Markov Analysis (cont.)

  • The code is split into two parts:
    1. Processing input text to generate frequencies
    2. Applying frequencies to generate sentence
  • What if the first step is very expensive (like using War and Peace as input text)?
    • Not a problem if we only want to run the program only once
    • If we want to run the program multiple times, we save time by keeping results from the first step around
    • “Persistent” data must be saved on disk, frequently as files or in databases

File Formats

  • Python provides many ways of writing data to files
  • How will your data file be used?
    • For reading by humans?
    • For reading by computers?
    • Both?

Human-readable Data Files

  • Text files, usually formatted with words
    • Usually, output to files are more strictly structured than output to the screen, so print statement may not be appropriate since it adds white space and line terminators at its discretion
    • The string formatting operator provides greater control over how strings are constructed:
      col1 = 10
      col2 = 20
      output = "%d\t%d" % (col1, col2)

Computer-readable Data Files

  • Are your data files meant for "internal" use, i.e., only by your code?
    • There are simple solutions for reading and writing data from and to files if you assume that no one else will try to read your data files: pickle, anydbm, shelve, …
    • There are more complex solutions when accommodating others: tab-separated values (TSV), comma-separated values (CSV), extensible markup language (XML), …

shelve Module

  • Sometimes, you want to split a computation process into multiple steps:
    • Preprocess once and reuse results multiple times
    • Checkpoint data in long calculations
  • The shelve module lets you treat a file like a dictionary, except fetching and settings values actually read and write from a file
    • Saving and restoring data looks just like assignment operations
    • Example after next little detour

Example using shelve

  • In the Markov analysis example above, we collected word frequencies and then used them to generate (nonsensical) sentences
  • Suppose we want to generate a sentence once a day from an arbitrary text, but do not want to recollect the frequencies each time (perhaps our text is War and Peace)
  • How do we do this?
    • Split Markov analysis and sentence generate into two separate programs
    • Use shelve to store the analysis results in a file: markov1_prep.py
    • Then read and use the results during sentence generation: markov1_use.py

Files for Data Interchange

  • Saving and restoring data using shelve is very convenient, but not very useful for collaborators unless they are using your code
  • Common interchange formats include tabular formats with comma- or tab-separated values (CSV/TSV), and Extensible Markup Language (XML)
    • CSV/TSV files are easy to parse and (marginally) human readable
    • XML files are more flexible but (generally) not human friendly

Example using TSV Format

  • The Markov example may be rewritten to use TSV instead of shelve
  • Note that if we were to change the representation for Markov data, we would need to modify both source code files to read and write the new representation in the TSV version
  • For the shelve version, we would not need to modify the saving/restoring part of the code because shelve hides that complexity from us

String Format Operator

  • % is the format operator when operand on the left is a string, aka "format string"
    • format string may have zero or more "format sequences" which are introduced by %
    • "%d\t%d" is the format string in the previous example
    • "%d" is the format sequence that specifies what part of the format string should be replaced with an integer
    • So "%d\t%d" is a format string for two integers (the two %d format sequences) separated by a tab (the \t)
    • Other format sequences include "%s" (string), "%f" (floating point number), "%g" (compact floating point number), "%x" (base-16 integer), …
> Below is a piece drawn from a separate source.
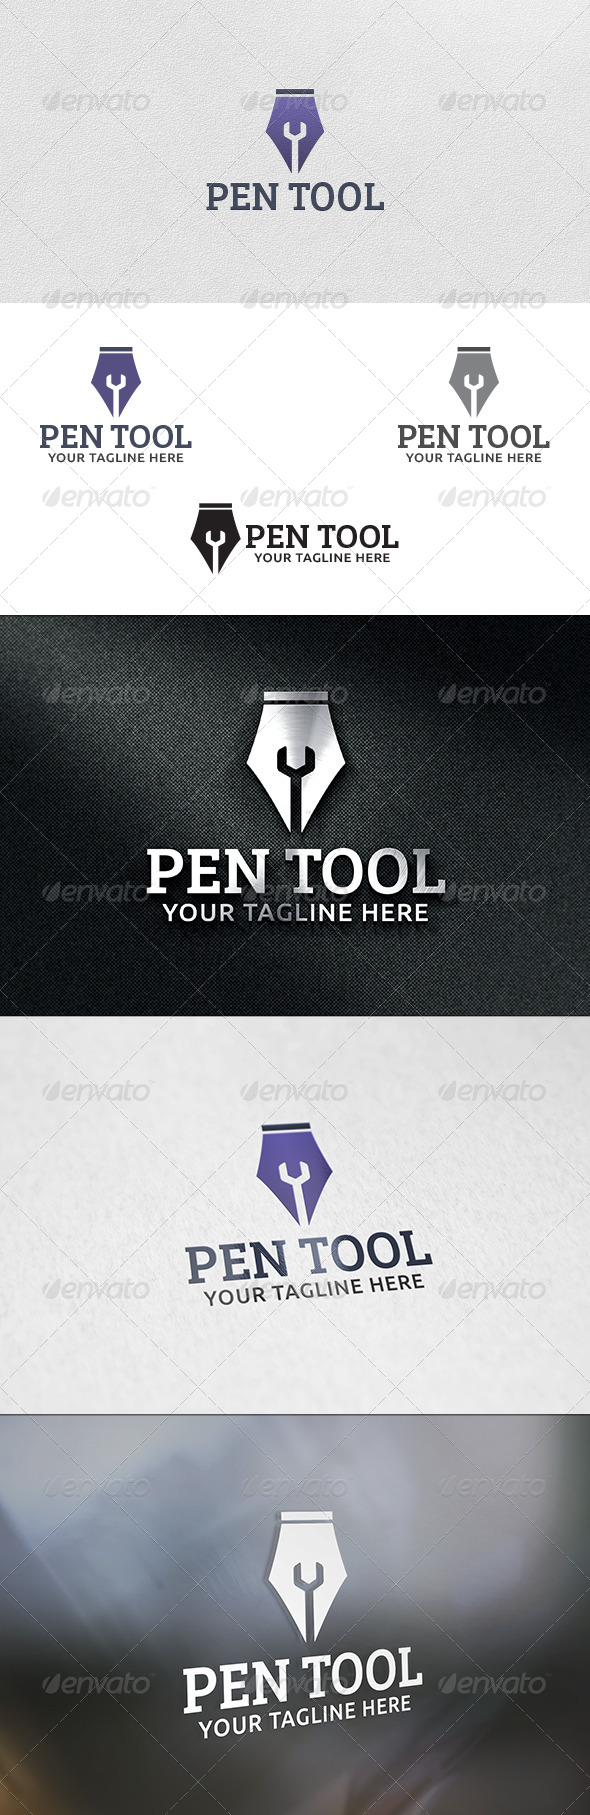 Pen Tool - Logo Template

String Format Operator (cont.)

  • The operand to the right of the format operator is either a single value or a tuple of values
    • If there is only one format sequence in the format string, then a single value may be used in place of a tuple
    • Each value in the right operand replaces a corresponding format sequence in the format string
    • If the number of values does not match the number of format sequences, or a value type does not match the corresponding format sequence type, an exception will be raised

String Format Operator (cont.)

  • Here are some examples of format exceptions:
      >>> data = "this is not an integer"
      >>> "%d" % data 
      Traceback (most recent call last): 
        File "<stdin>", line 1, in ? 
      TypeError: int argument required 
      >>> "%d %d" % (1, 2, 3)
      Traceback (most recent call last): 
        File "<stdin>", line 1, in ? 
      TypeError: not all arguments converted during string formatting
  • These exceptions are errors, but not all exceptions are errors (more on this next week)

String Format Operator (cont.)

  • Python 3 strings also have a format method that can be used for formatting
      >>> "{:d} {:s}".format(1, str(2))
      '1 2'
      >>> "{:d} {:s}".format(1, 2)
      Traceback (most recent call last):
        File "", line 1, in 
        ValueError: Unknown format code 's' for object of type 'int'
  • There are many options that may be specified for each {} parameter but we prefer the simplicity of the format operator %

Text File Operations

f = open('output.txt', 'w')
f.write('Hello world\n')
print >> f, 'Hello world'    # Python 2
print('Hello world', file=f) # Python 3
f.close()
  • Files may be opened for reading, writing or appending
    • Optional second argument to open function specifies the "mode", which may be "r" (read), "w" (write), or "a" (append). "r" is the default value.
  • For files opened for writing or appending, there are two ways to add data into the file:
    • via the write method of the file
    • using print (which is a function in Python 3 and a statement in Python 2)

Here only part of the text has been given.